И голос ее, когда она это сказала, стал похож не на шелест листьев, а на свист ветра в скалах.

Наш друг вряд ли, конечно, понял, что она имела в виду, но тон ее, видимо, несколько его охладил. Он не стал больше к ней приставать и повернулся ко мне:

– Ну а ты, Оррек? Каков твой дар?

– У меня тот же дар, что и у моих предков, – сказал я. – Дар нашего рода, рода Каспро, называется «разрушение связей». И я ничего не скажу тебе о нем, Эммон. Прости.

– Это ты должен простить мою бестактность, Оррек! – возразил Эммон немного удивленно, и голос его звучал так тепло и ласково, с такими мягкими интонациями, свойственными жителям Нижних Земель, что я сразу вспомнил мать, и глаза мои, скрытые ото всех под повязкой, налились слезами.

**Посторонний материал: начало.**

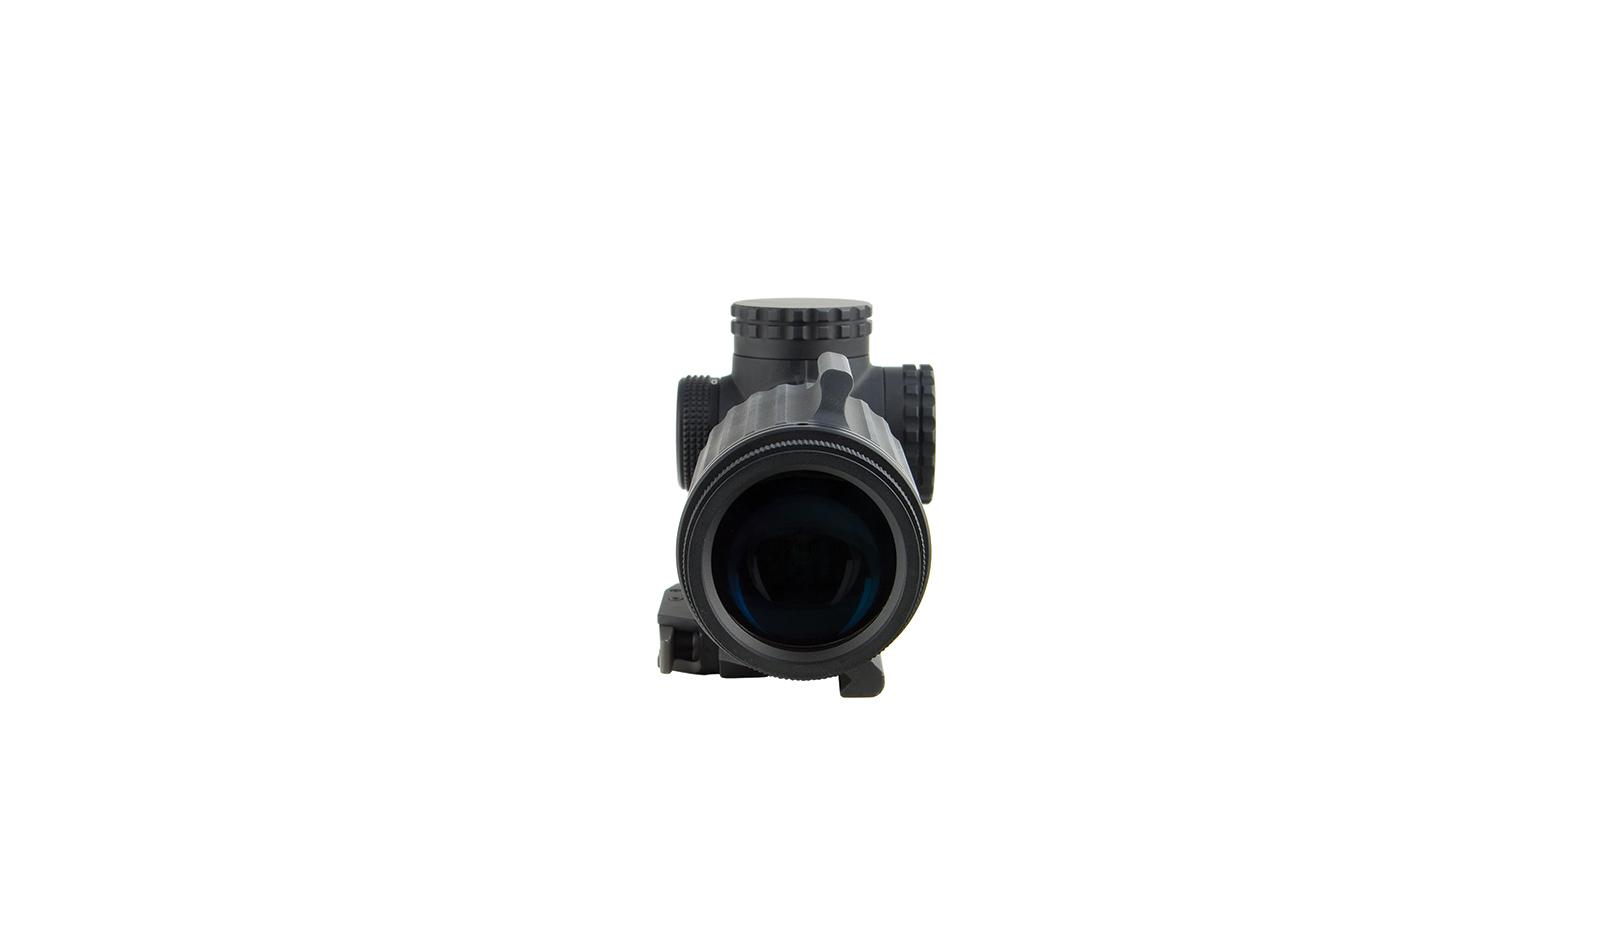 VC16-C-1600050 angle 4

То ли Эммон, то ли Грай разожгли огонь в камине, и я почувствовал, как приятное тепло коснулось моих застывших ног. Мы устроились, как всегда, у большого камина в гостиной Каменного Дома Каспро и сидели на каменных скамьях, составлявших как бы одно целое с облицовкой камина. Вечер был холодный, какие часто бывают в конце января. Ветер в каминной трубе выл и ухал, точно там поселились гигантские совы. Женщины со своей пряжей тоже собрались у камина, но с противоположной его стороны, где было больше света. Порой они перебрасывались парой слов или негромко затягивали какую-то длинную заунывную песню, какие обычно поют за подобным занятием, а мы трое в своем уголке, у южной стены гостиной, продолжали беседу.

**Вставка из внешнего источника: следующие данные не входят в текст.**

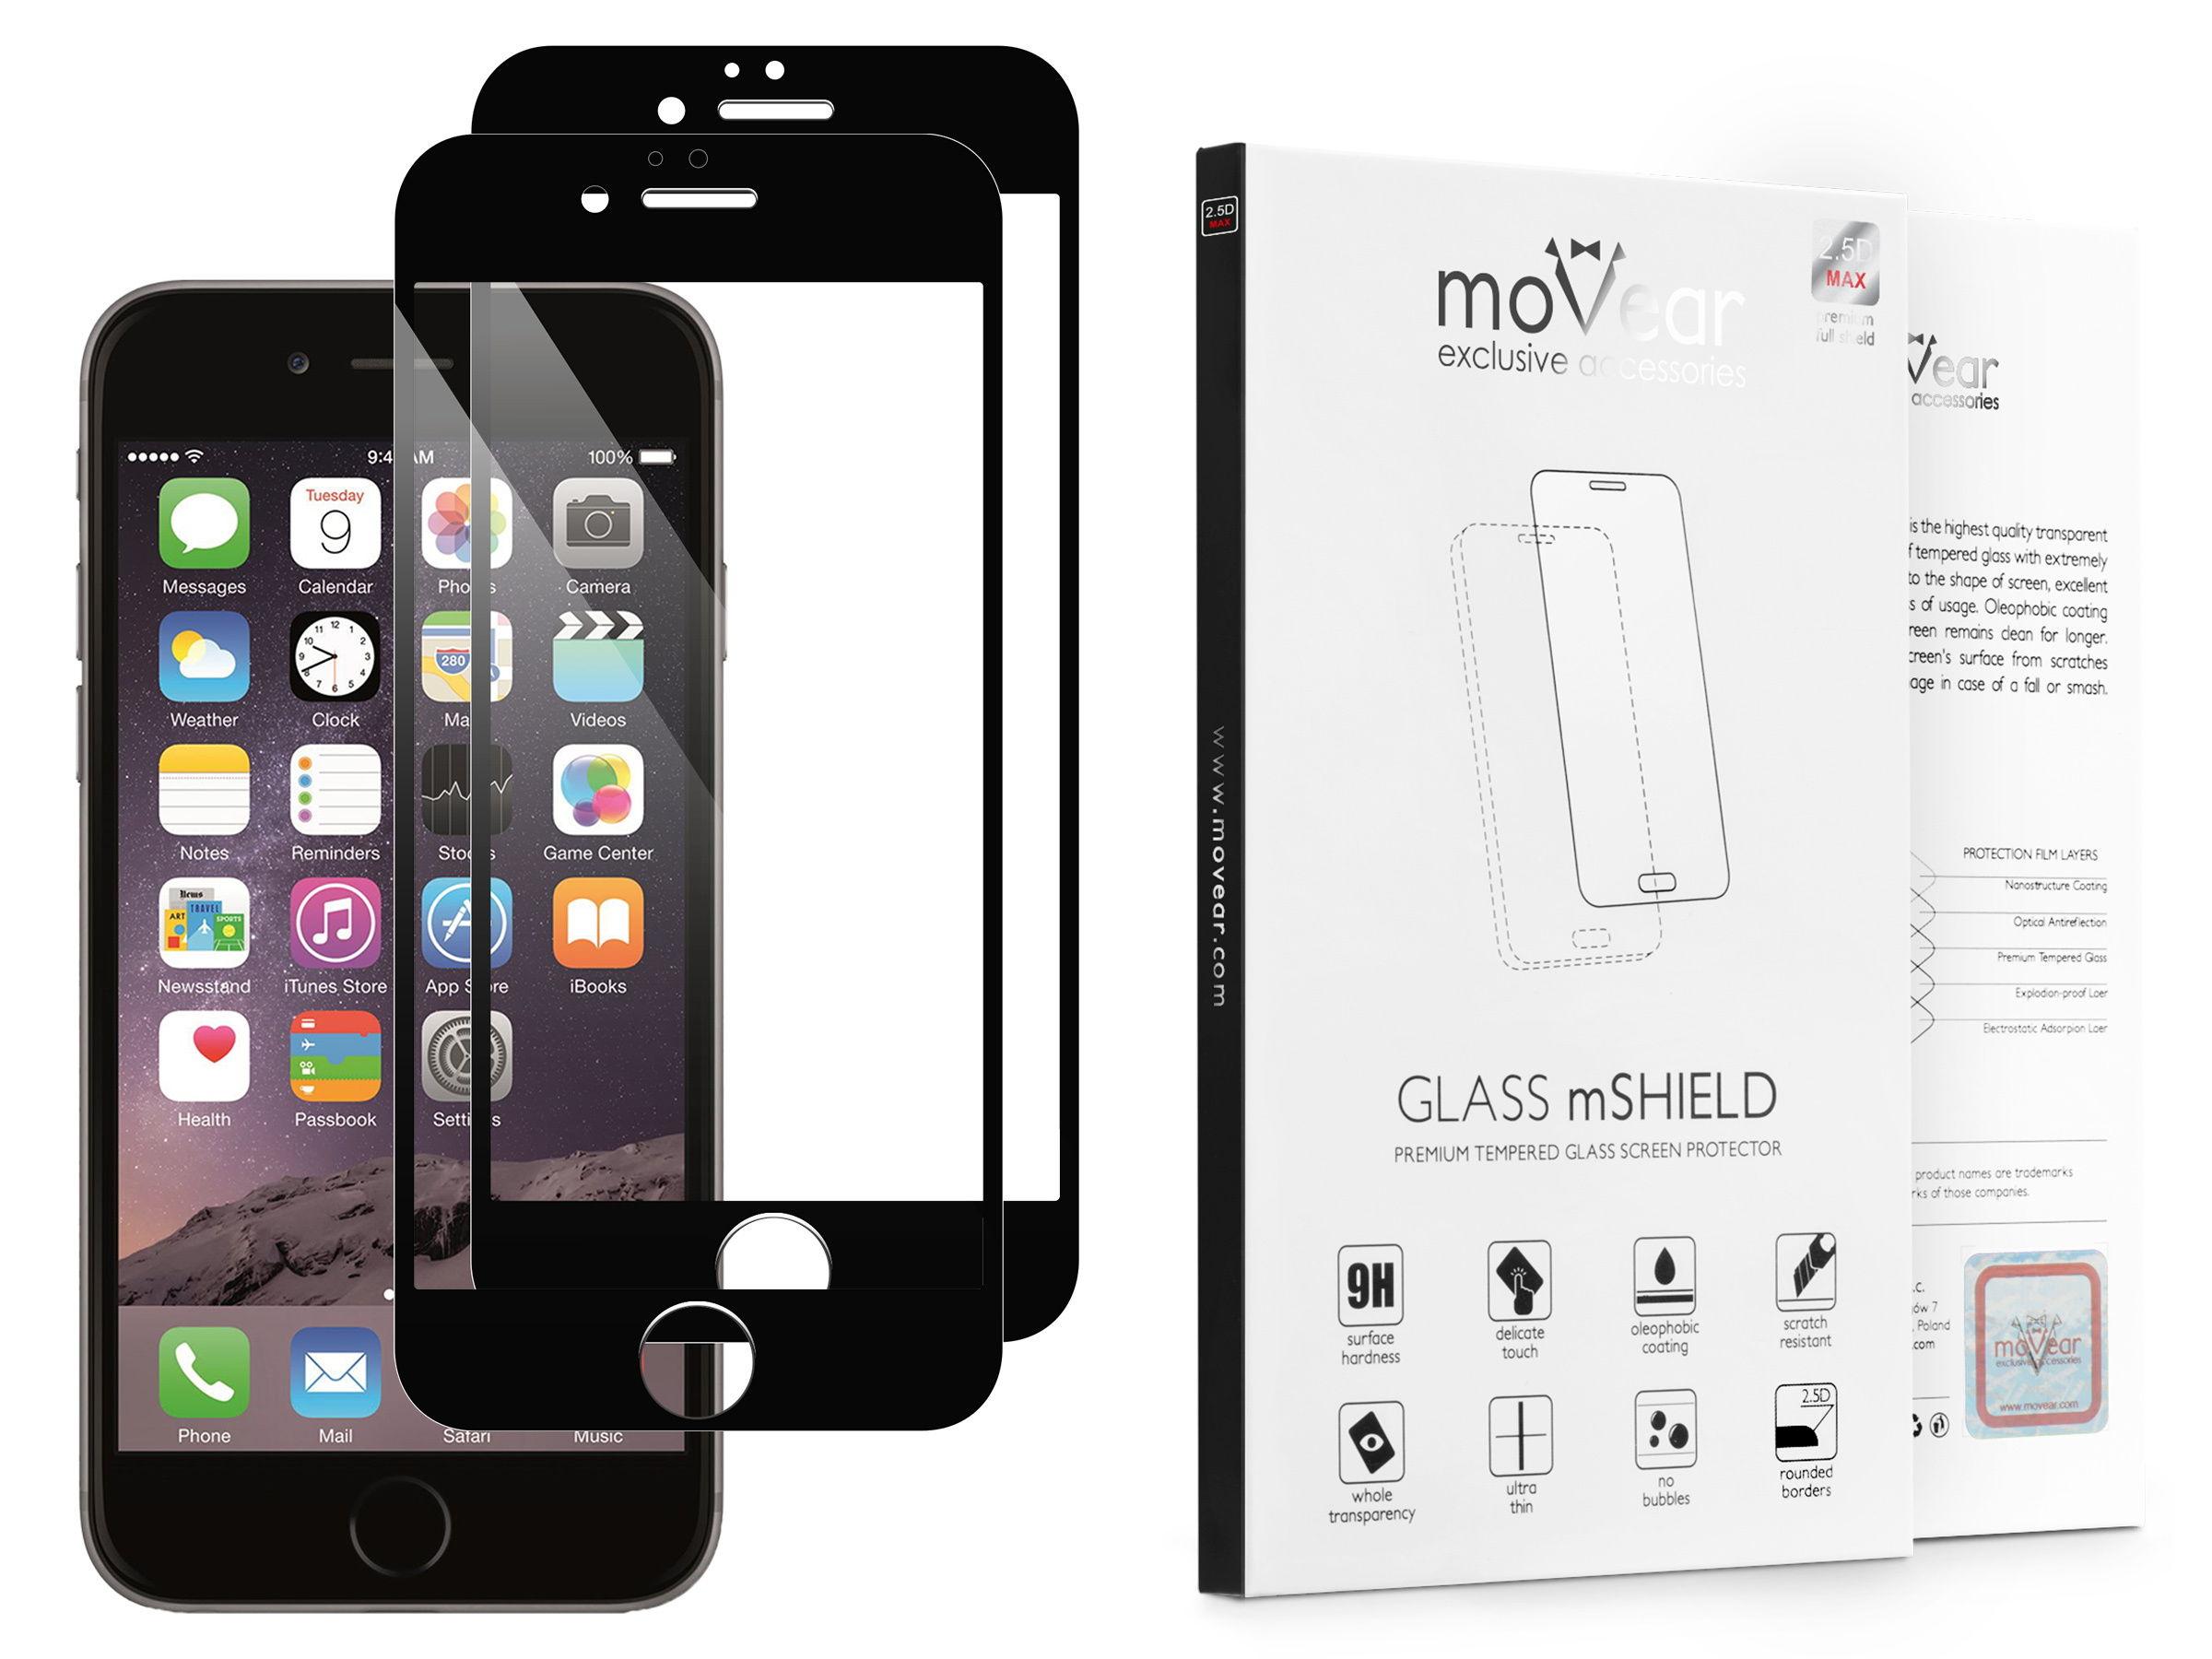 2 szt.   moVear Szkło Hartowane 2.5D MAX na Apple iPhone 6 / 6s   do etui, 9H   GLASS mSHIELD Czarny

– Ну а каковы дары остальных жителей вашего края? – спросил неугомонный Эммон. – О них-то, надеюсь, тебе можно рассказать? На что еще способны здешние бранторы, живущие в таких же каменных замках, как ваш? Или у них иные жилища? Какими силами или талантами владеют они? Из-за чего их следует опасаться?

В его словах мне всегда слышалось какое-то легкое недоверие, неизменно пробуждавшее во мне желание сразу же ему возразить.

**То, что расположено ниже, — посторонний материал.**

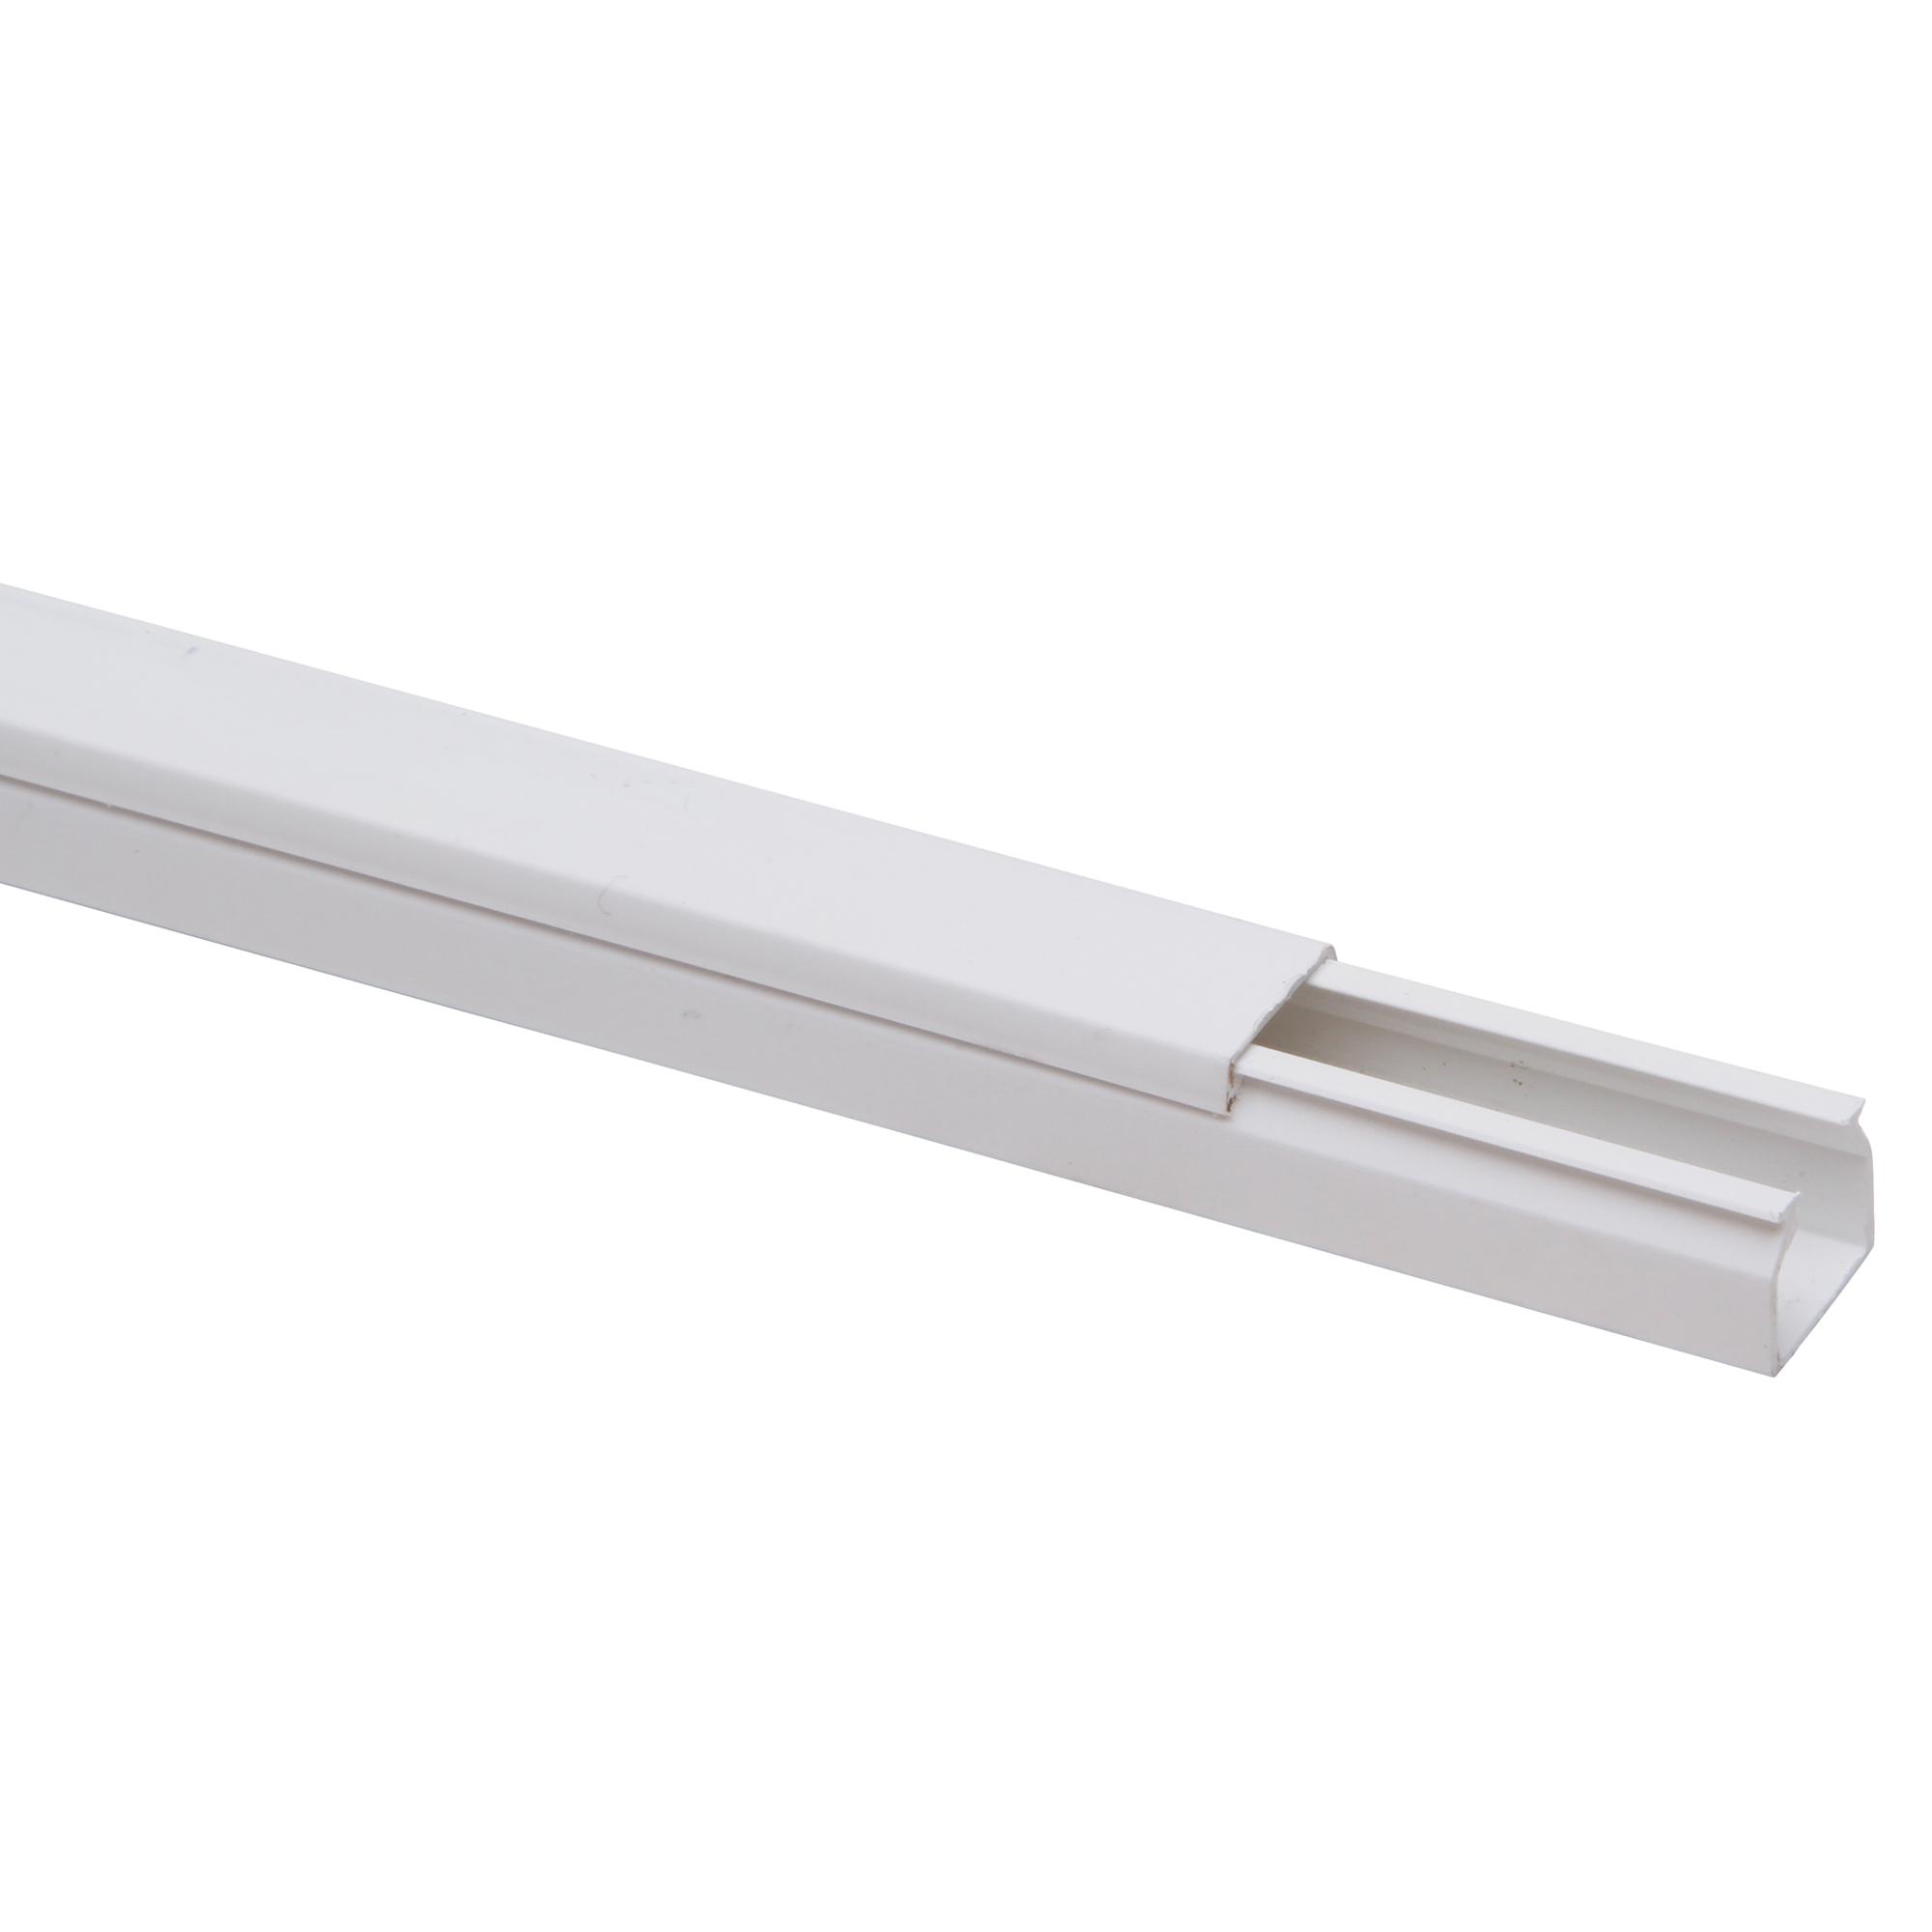 Kopp Kabelkanal weiß 2000 x 15 x 15 mm ǀ toom Baumarkt

– Женщины рода Корде могут ослепить человека, – сказал я, – или сделать его глухим, или отнять у него речь.

– Ну это уж совсем никуда не годится! – возмутился Эммон. Мои слова явно произвели на него впечатление.

– Некоторые из мужчин рода Корде тоже обладают этим даром, – промолвила Грай.

– А твой отец, Грай, брантор Роддманта, обладает тем же даром, что и твоя мать?

– Семейство Родд владеет даром ножа, – сказала Грай.

– И что это означает?

– Они могут одним лишь взглядом послать нож человеку прямо в сердце, или перерезать ему горло, или изувечить его этим ножом до неузнаваемости. Лишь бы этот нож находился для них в пределах видимости.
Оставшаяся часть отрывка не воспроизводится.